SUPPLIED MATERIAL:
■ ■ ■ ■ ■
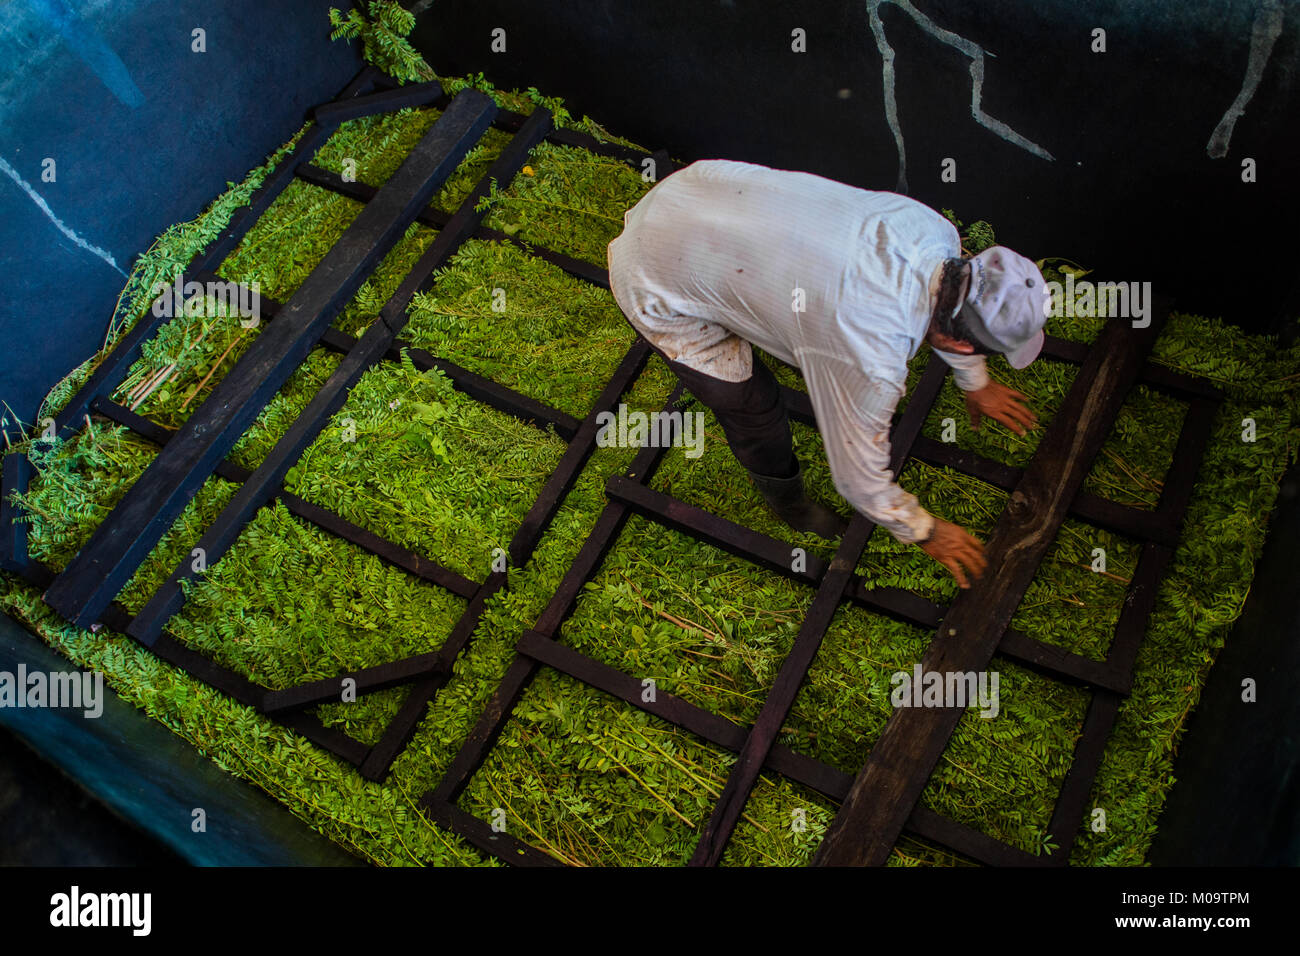 Lavoratore agricolo carichi di foglie e rami delle piante di indaco in un serbatoio a macerare a fabbricazione vicino a San Miguel, El Salvador. Foto Stock
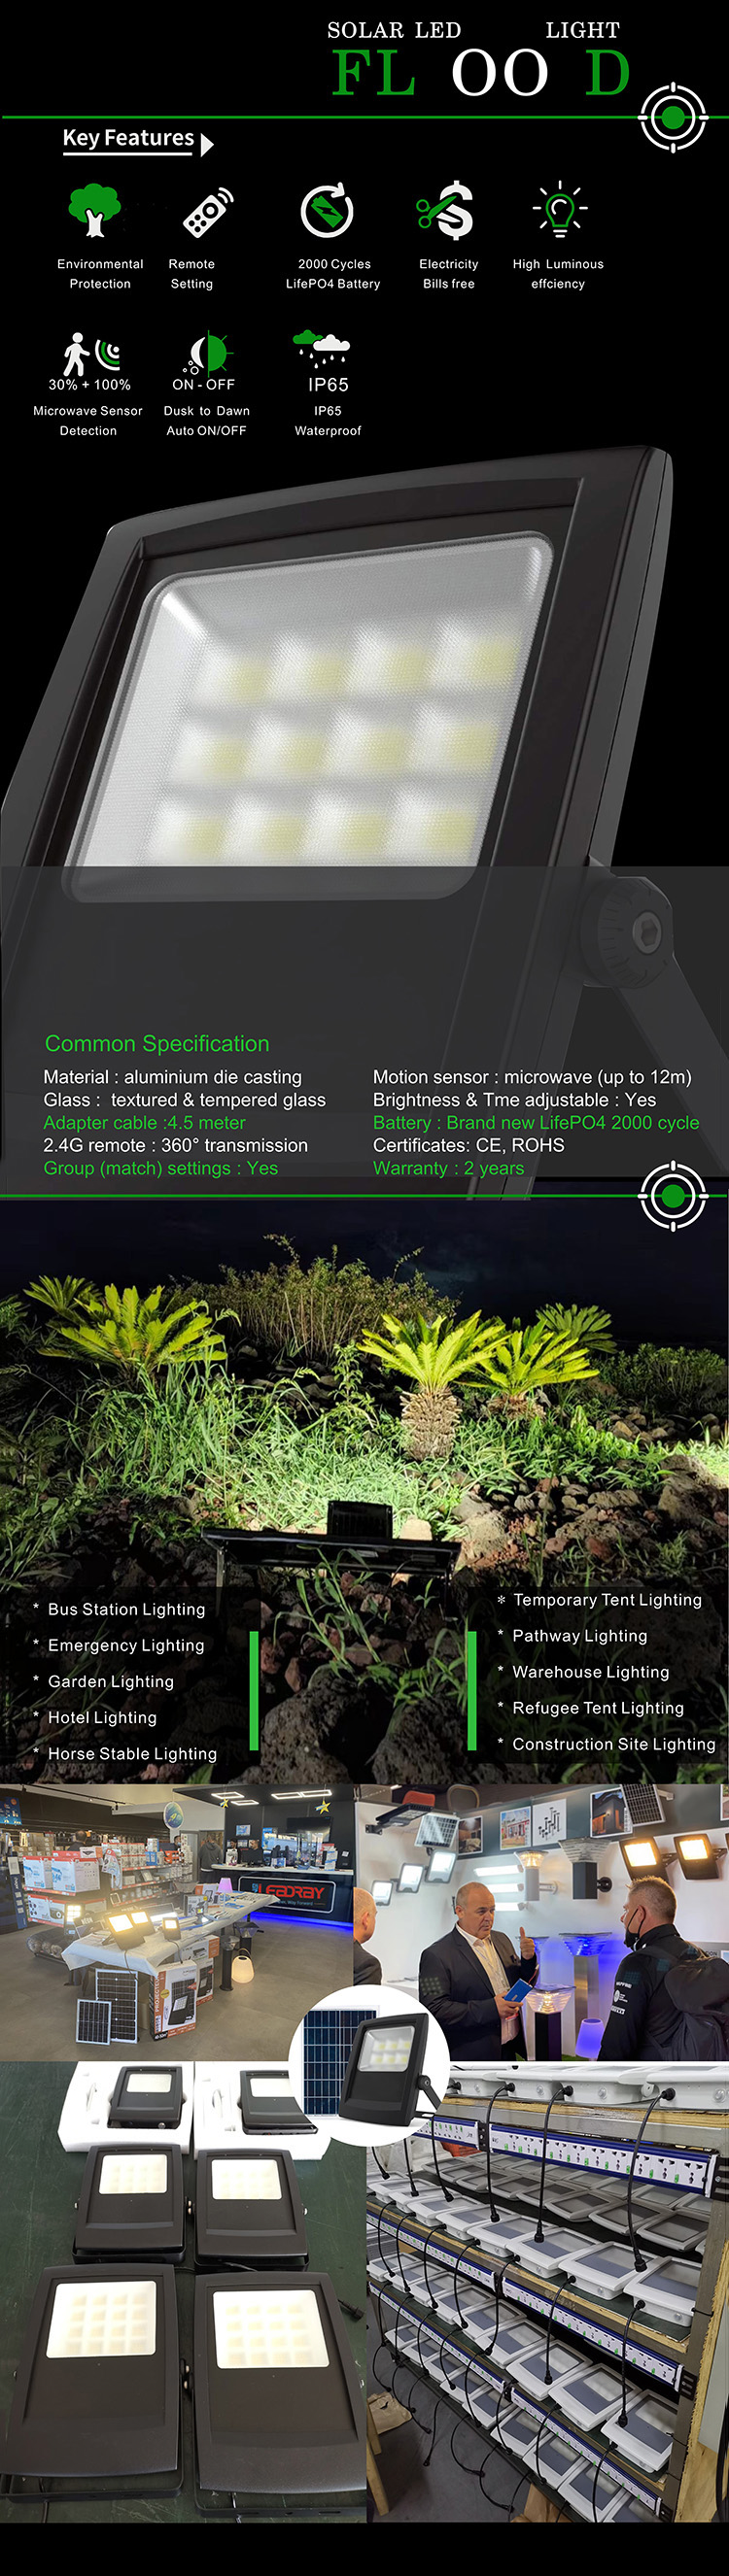 ضوء الفيضانات LED بالطاقة الشمسية الرخيصة لإضاءة الحدائق
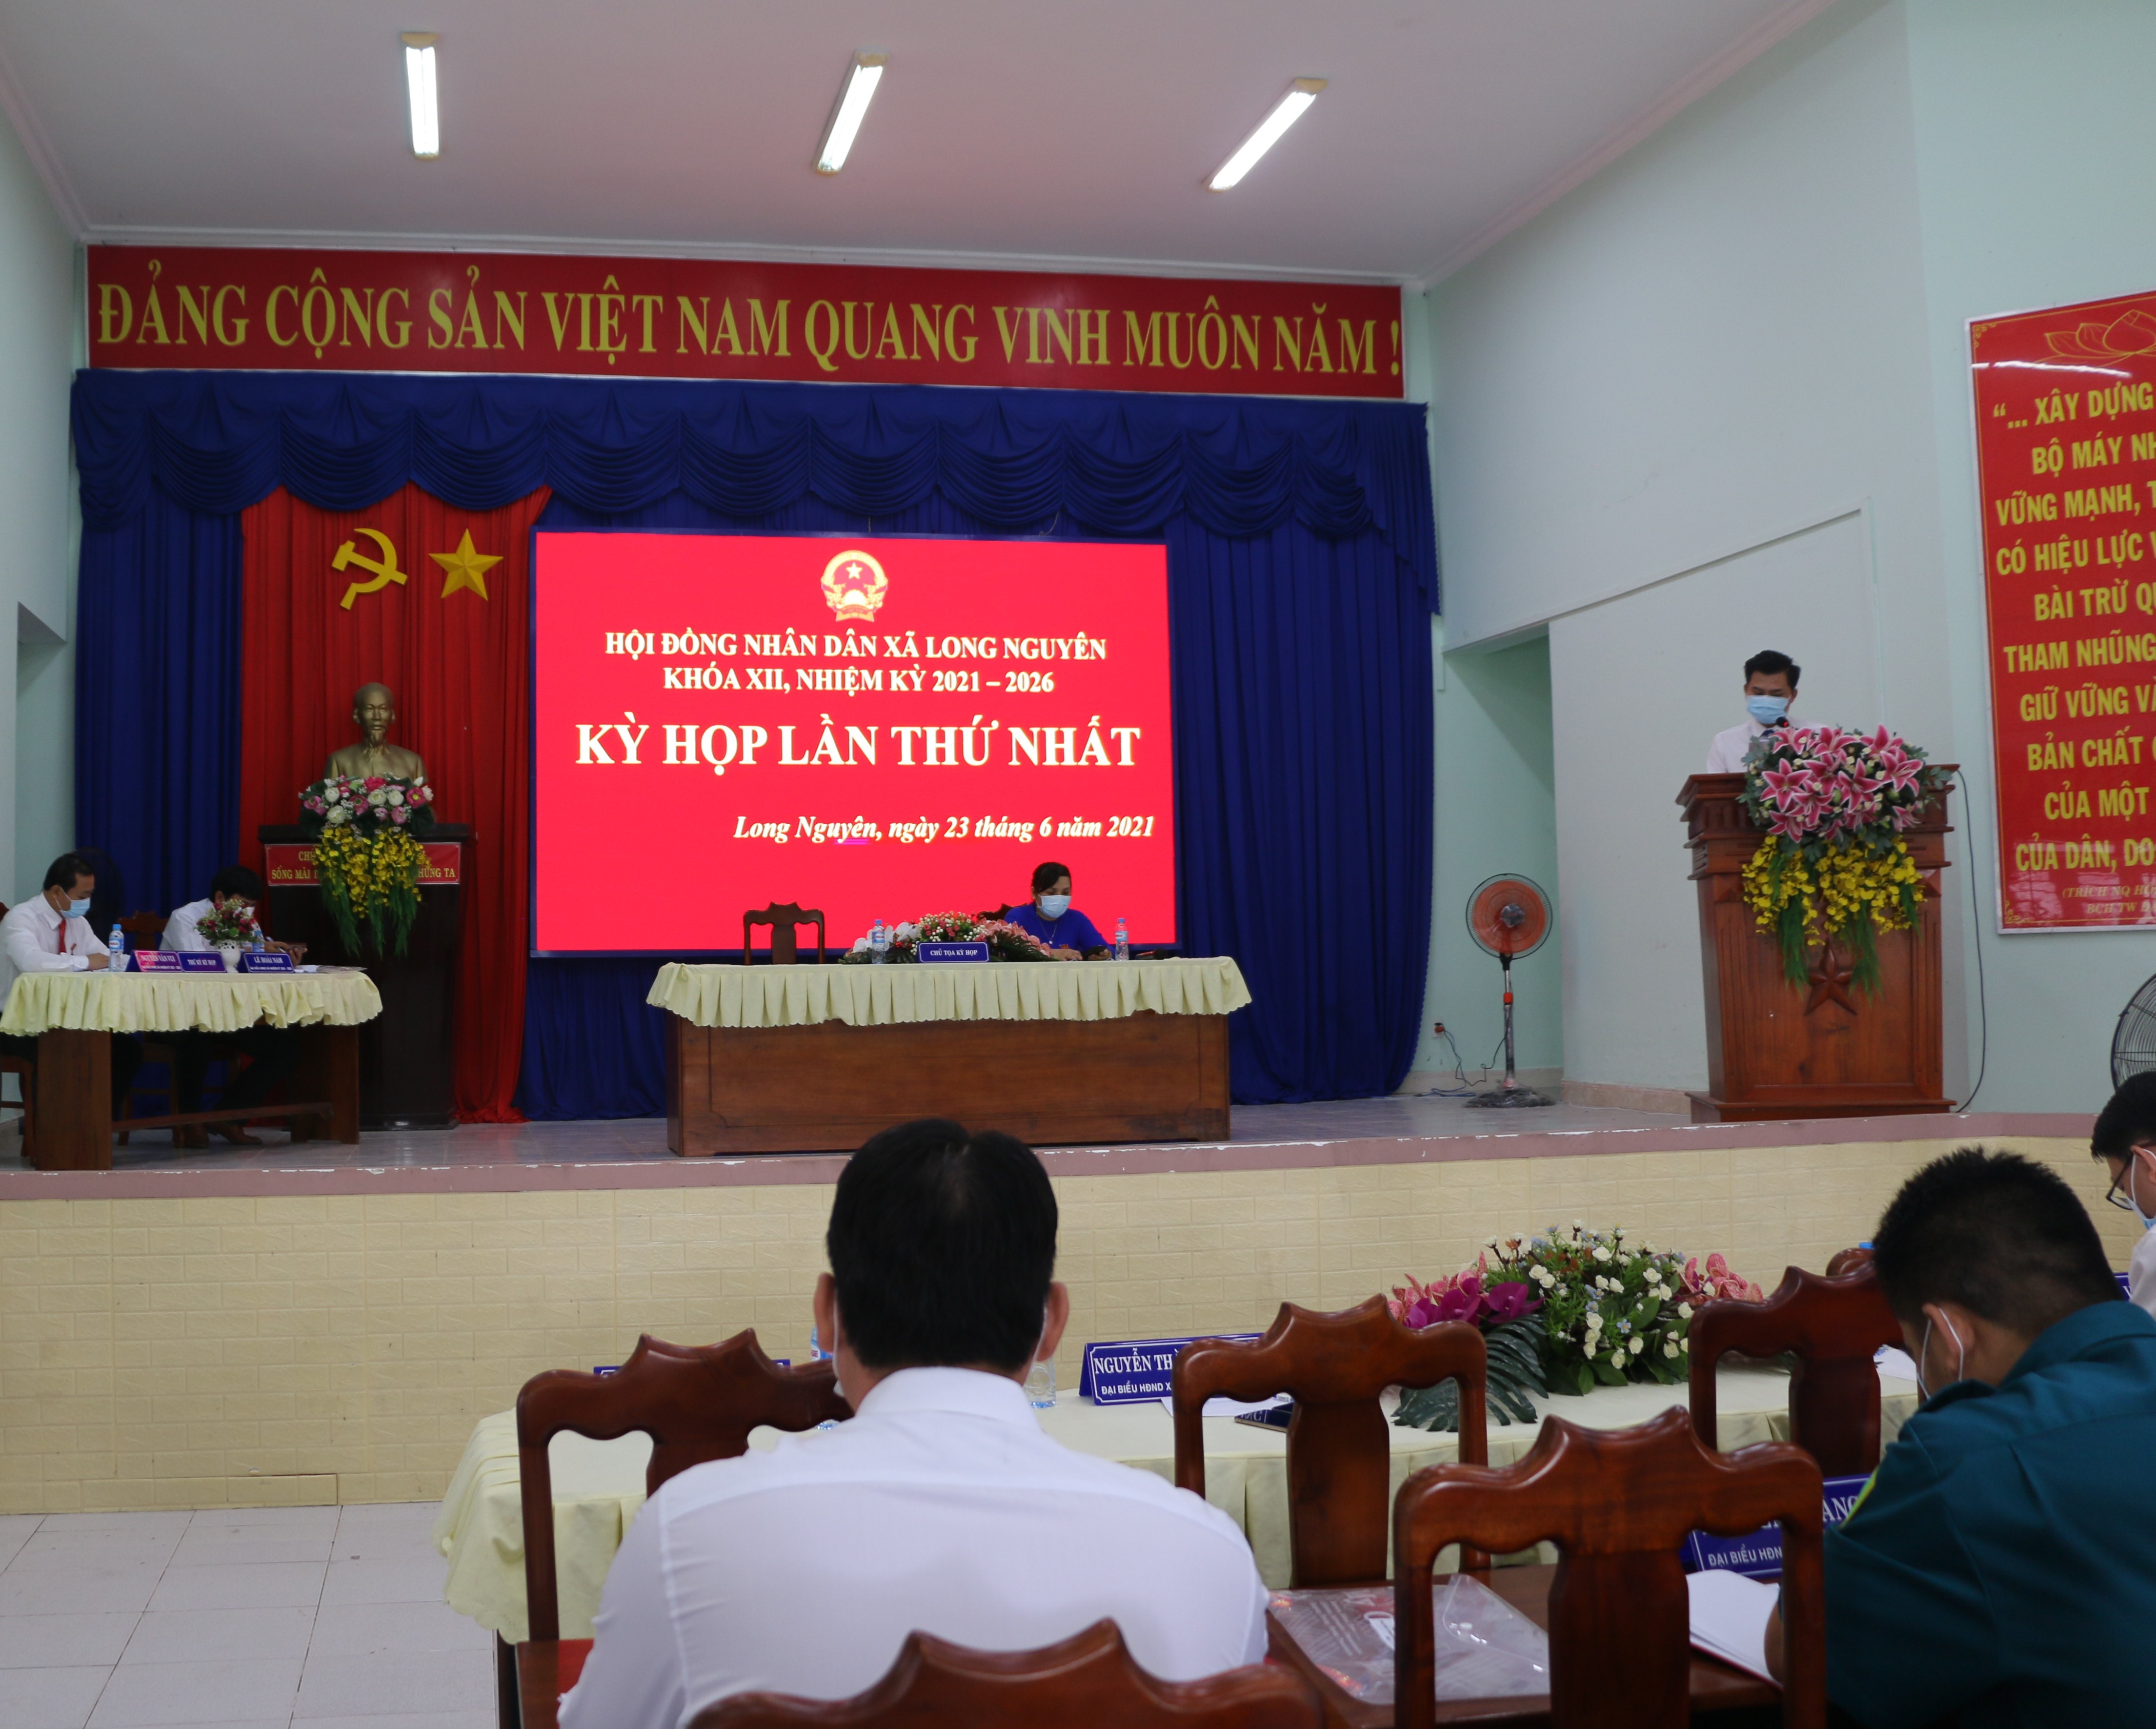 HĐND xã Long Nguyên tổ chức kỳ họp lần thứ nhất HĐND xã khóa XII, nhiệm kỳ 2021-2026
■ ■ ■ ■ ■
Could you copy each line above exactly as written, minus any pictures?

RESULT:
 Lavoratore agricolo carichi di foglie e rami delle piante di indaco in un serbatoio a macerare a fabbricazione vicino a San Miguel, El Salvador. Foto Stock
 ضوء الفيضانات LED بالطاقة الشمسية الرخيصة لإضاءة الحدائق
 HĐND xã Long Nguyên tổ chức kỳ họp lần thứ nhất HĐND xã khóa XII, nhiệm kỳ 2021-2026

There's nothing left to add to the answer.